Machine-Learning Non-Conservative Dynamics for New-Physics Detection

TL;DR

This paper introduces NNPhD, a neural network-based method for detecting non-conservative forces indicating new physics by decomposing force fields, with demonstrated success in various numerical experiments and improved future state prediction.

Contribution

The paper presents a novel neural network approach to identify non-conservative forces, enabling new physics discovery through force decomposition and phase transition analysis.

Findings

Successfully rediscovered friction, Neptune, and gravitational waves from data.

Identified a phase transition at λ=1 for force decomposition.

Outperformed previous methods in predicting damped double pendulum dynamics.

Abstract

Energy conservation is a basic physics principle, the breakdown of which often implies new physics.
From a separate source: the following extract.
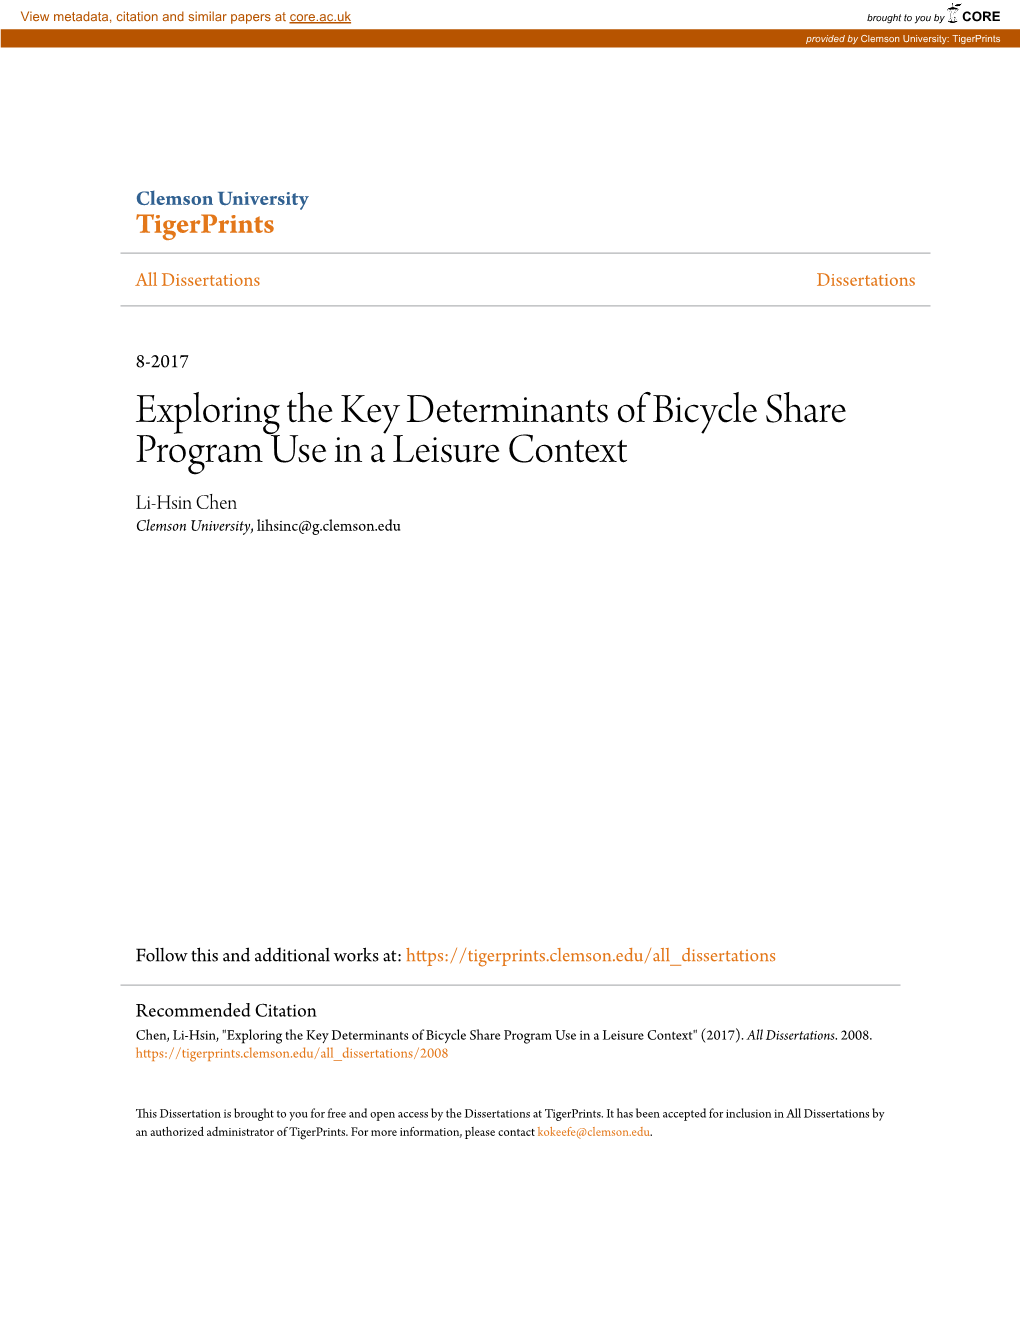 Exploring the Key Determinants of Bicycle Share Program Use in a Leisure Context Li-Hsin Chen Clemson University, Lihsinc@G.Clemson.Edu
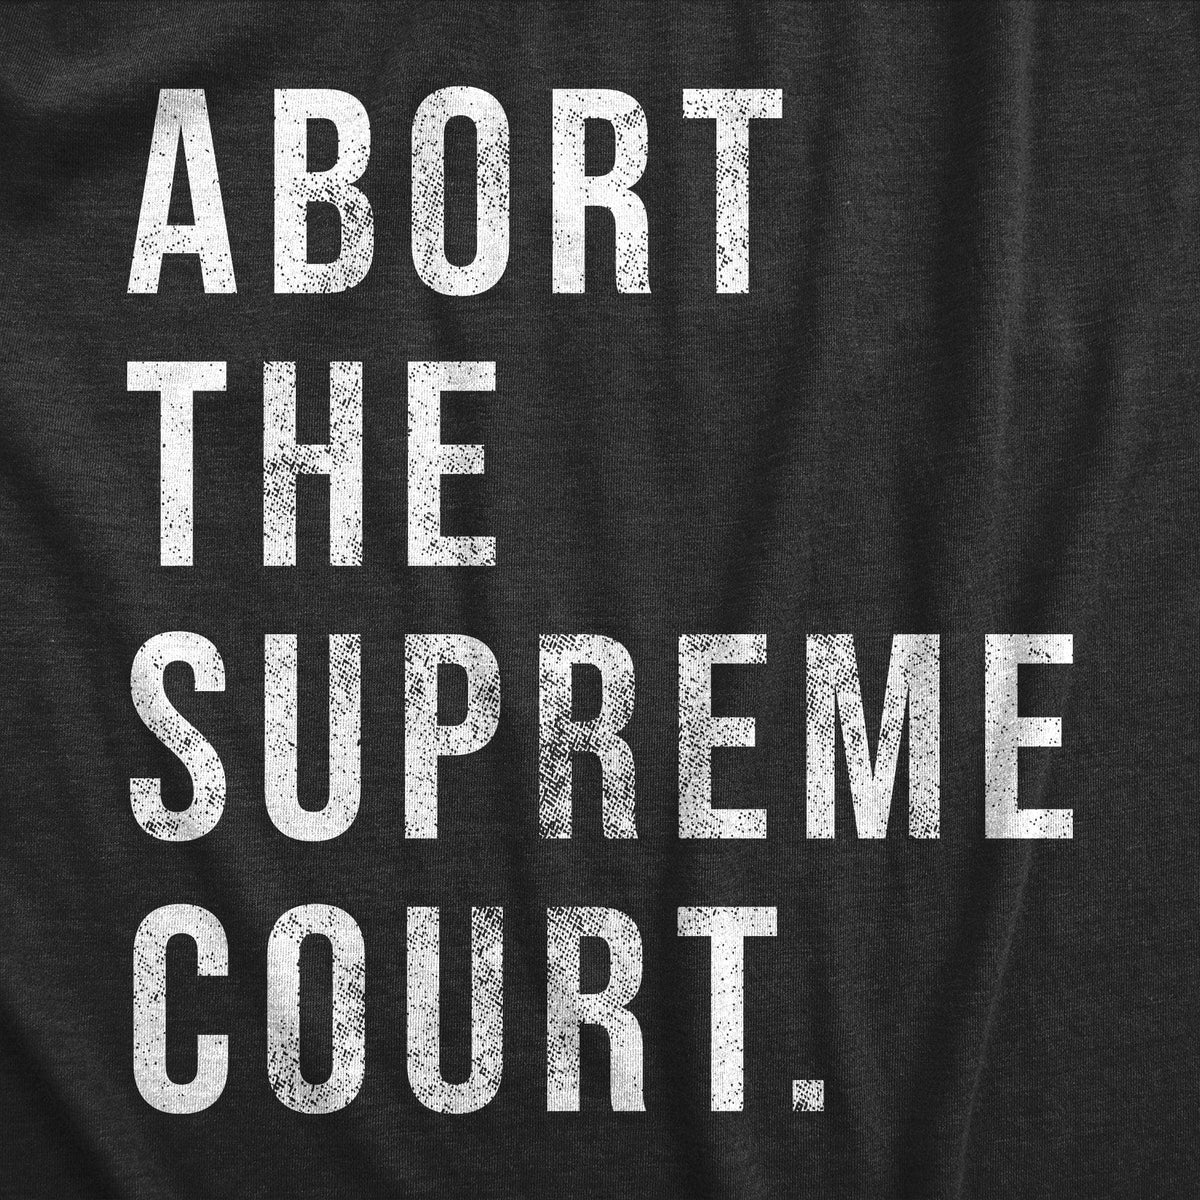 Abort The Supreme Court Women&#39;s Tshirt  -  Crazy Dog T-Shirts

This paper presents a method for data-driven "new physics" discovery. Specifically, given a trajectory governed by unknown forces, our Neural New-Physics Detector (NNPhD) aims to detect new physics by decomposing the force field into conservative and non-conservative components, which are represented by a Lagrangian Neural Network (LNN) and a universal approximator network (UAN), respectively, trained to minimize the force recovery error plus a constant $\lambda$ times the magnitude of the predicted non-conservative force. We show that a phase transition occurs at $\lambda$=1, universally for arbitrary forces. We demonstrate that NNPhD successfully discovers new physics in toy numerical experiments, rediscovering friction (1493) from a damped double pendulum, Neptune from Uranus' orbit (1846) and gravitational waves (2017) from an inspiraling orbit. We also show how NNPhD coupled with an integrator outperforms previous methods for predicting the future of a damped double pendulum.